Holtz-Eakin said the Biden administration is taking credit for lower deficits over the past two years that largely occurred due to the end of coronavirus-related spending, rather than fixing the finances of Medicare and Social Security that will determine the long-term budget outlook.
“That doesn’t seem to be the right aspiration for a great country,” Holtz-Eakin said. “What they’re doing is essentially deferring the need to do anything real and genuinely fix the programs that are important to people.”
Deficit reduction also matches a priority of Sen. Joe Manchin of West Virginia, the key Democratic vote in the evenly split Senate who blocked the passage of Biden’s domestic and environmental agenda in December. The reduction also occurs amid rising interest rates on U.S. Treasury notes, a consequence of inflation running at 8.5% and the Federal Reserve’s efforts to reduce price pressures.
Within an hour of Biden’s remarks, Senate Republicans gathered to challenge Biden’s economic policies. Their core critique is that overspending in response to COVID-19 was paired with restrictions on domestic oil and natural gas production, leading to higher gasoline prices than under Trump.
‘The biggest drag on the U.S. economy right now involves the rising energy costs,” said Sen. Dan Sullivan, R-Alaska. “This is purely a self-inflicted wound by the Biden administration.”
One of the challenges for Biden is that voters have largely shrugged off deficit increases and seldom rewarded deficit cuts. Voters might discuss the idea of reducing deficits with pollsters, yet health care, incomes and inflation are often top of mind when casting their ballots.

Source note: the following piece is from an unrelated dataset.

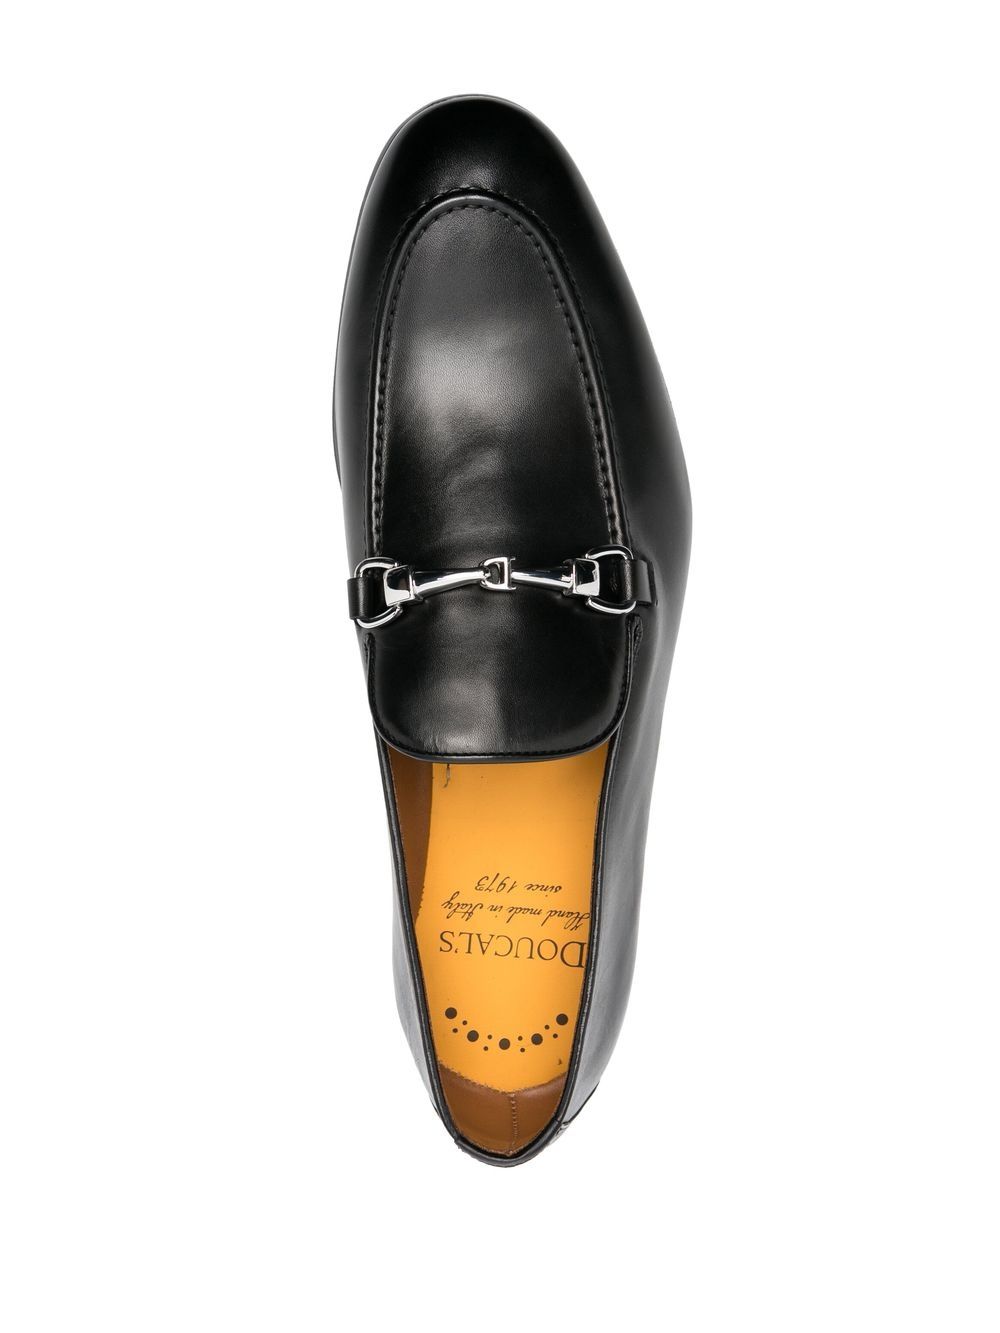 Shop Doucal's Almond-toe Leather Loafers In Schwarz

Norman Ornstein, an emeritus scholar at the conservative American Enterprise Institute, noted that deficits are often “abstract” for voters. The recent low interest rates have also muted any potential economic drags from higher deficits, which have risen following the COVID-19 pandemic and, separately, the 2008 financial crisis, to help the economy recover.
“They’re more likely to respond to things that are in their wheelhouse or that they believe will have a more direct effect on their lives,” Ornstein said. Deficits are “a step removed for most voters, and we’ve been through periods where we’ve had the big deficits and debt and it’s not like it devastated directly people’s lives.”